MKL DFT module not using AVX2 backend when the processor does support it

Jason_R · ‎05-10-2017

I have an application that uses MKL to perform DFTs. I'm using the latest release of MKL on CentOS 7. For a version reference, the MKL shared libraries are installed to /opt/intel/compilers_and_libraries_2017.2.174/linux/mkl/lib/intel64/.
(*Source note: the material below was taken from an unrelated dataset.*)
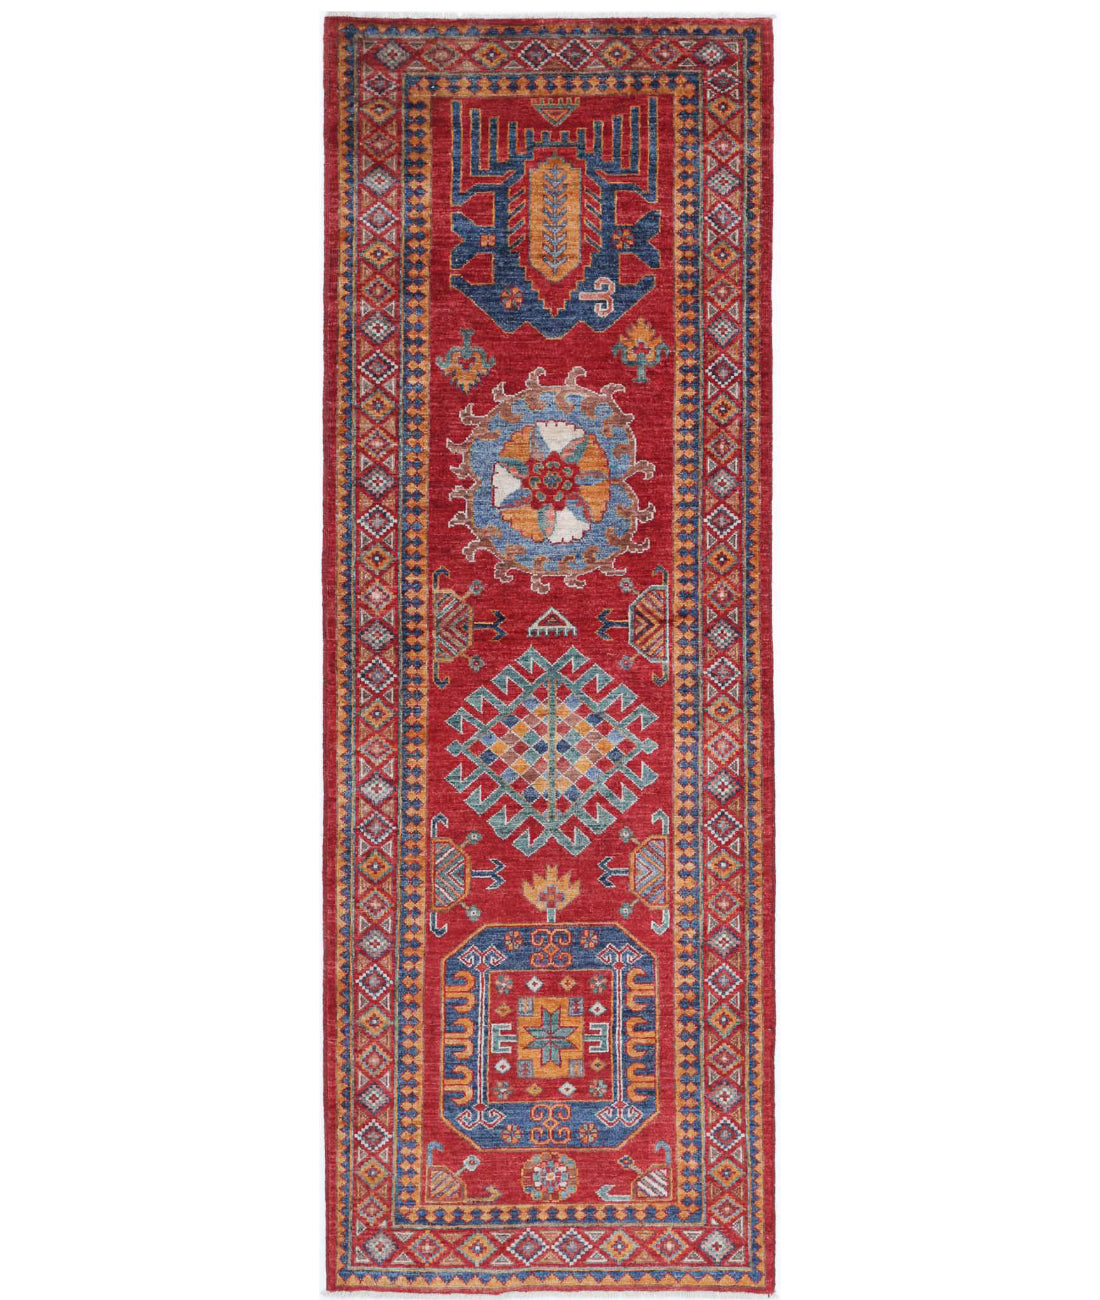 Hand Knotted Nomadic Caucasian Humna Wool Rug - 2&#39;10&#39;&#39; x 8&#39;3&#39;&#39; 2&#39;10&#39;&#39; x 8&#39;3&#39;&#39; (85 X 248) / Red / Blue

I noticed while profiling my application that MKL is dispatching to the libmkl_avx.so backend library instead of libmkl_avx2.so as I would expect. This results in slower performance than I would expect. The host processor (a Haswell Xeon) does support AVX2 and FMA, however. Here is a snippet from /proc/cpuinfo:

processor    : 0
vendor_id    : GenuineIntel
cpu family    : 6
model        : 63
model name    : Intel(R) Xeon(R) CPU E5-2630 v3 @ 2.40GHz
stepping    : 2
microcode    : 0x36
cpu MHz        : 2599.968
cache size    : 20480 KB
physical id    : 0
siblings    : 16
core id        : 0
cpu cores    : 8
apicid        : 0
initial apicid    : 0
fpu        : yes
fpu_exception    : yes
cpuid level    : 15
wp        : yes
flags        : fpu vme de pse tsc msr pae mce cx8 apic sep mtrr pge mca cmov pat 
pse36 clflush dts acpi mmx fxsr sse sse2 ss ht tm pbe syscall nx pdpe1gb rdtscp 
lm constant_tsc arch_perfmon pebs bts rep_good nopl xtopology nonstop_tsc aperfmperf 
eagerfpu pni pclmulqdq dtes64 monitor ds_cpl vmx smx est tm2 ssse3 fma cx16 xtpr 
pdcm pcid dca sse4_1 sse4_2 x2apic movbe popcnt tsc_deadline_timer aes xsave avx 
f16c rdrand lahf_lm abm ida arat epb pln pts dtherm tpr_shadow vnmi flexpriority 
ept vpid fsgsbase tsc_adjust bmi1 avx2 smep bmi2 erms invpcid cqm xsaveopt cqm_
llc cqm_occup_llc
bogomips    : 4800.23
clflush size    : 64
cache_alignment    : 64
address sizes    : 46 bits physical, 48 bits virtual
power management:

The runtime CPU feature detection doesn't seem to be working properly for this processor. I tried to fool it by renaming libmkl_avx.so and symlinking it to libmkl_avx2.so instead (so even if MKL detected that it should load the AVX library, it would instead get the AVX2 library via the symlink). After doing that, I received the following error message:

Intel MKL WARNING: Library libmkl_avx.so (MKL type 5) is not suitable for this processor 
(MKL type 4).

This again suggests that MKL believes that the host processor can't use the AVX2 library for some reason. Is this a known issue, and if so, is there a workaround?

Jason_R · ‎05-10-2017

In debugging this problem, I tried calling mkl_get_version() to see what it reported for my processor. It yields:

Major version:           2017
Minor version:           0
Update version:          2
Product status:          Product
Build:                   20170126
Platform:                Intel(R) 64 architecture
Processor optimization:  Intel(R) Advanced Vector Extensions 2 (Intel(R) AVX2) enabled processors

So it appears that MKL is detecting the AVX2 capability, but it's still dispatching to the AVX library instead. I should note that in this application, I'm doing 1-D real-to-complex DFTs.

Jing_Xu · ‎05-10-2017

Would you like to try https://software.intel.com/en-us/mkl-linux-developer-guide-instruction-set-specific-dispatching-on-intel-architectures to see whether it works?

Jason_R · ‎05-10-2017

I set the environment variable MKL_ENABLE_INSTRUCTIONS to AVX2 and it started using the AVX2 library. I then unset the environment variable and it kept using AVX2 as expected. I also verified that setting MKL_ENABLE_INSTRUCTIONS to AVX caused it to only use the AVX library. So it appears to be working properly now.

I was experimenting with that environment variable earlier today, but I thought I was still seeing the AVX-only behavior even with the variable unset. I must have been doing something wrong. Thanks.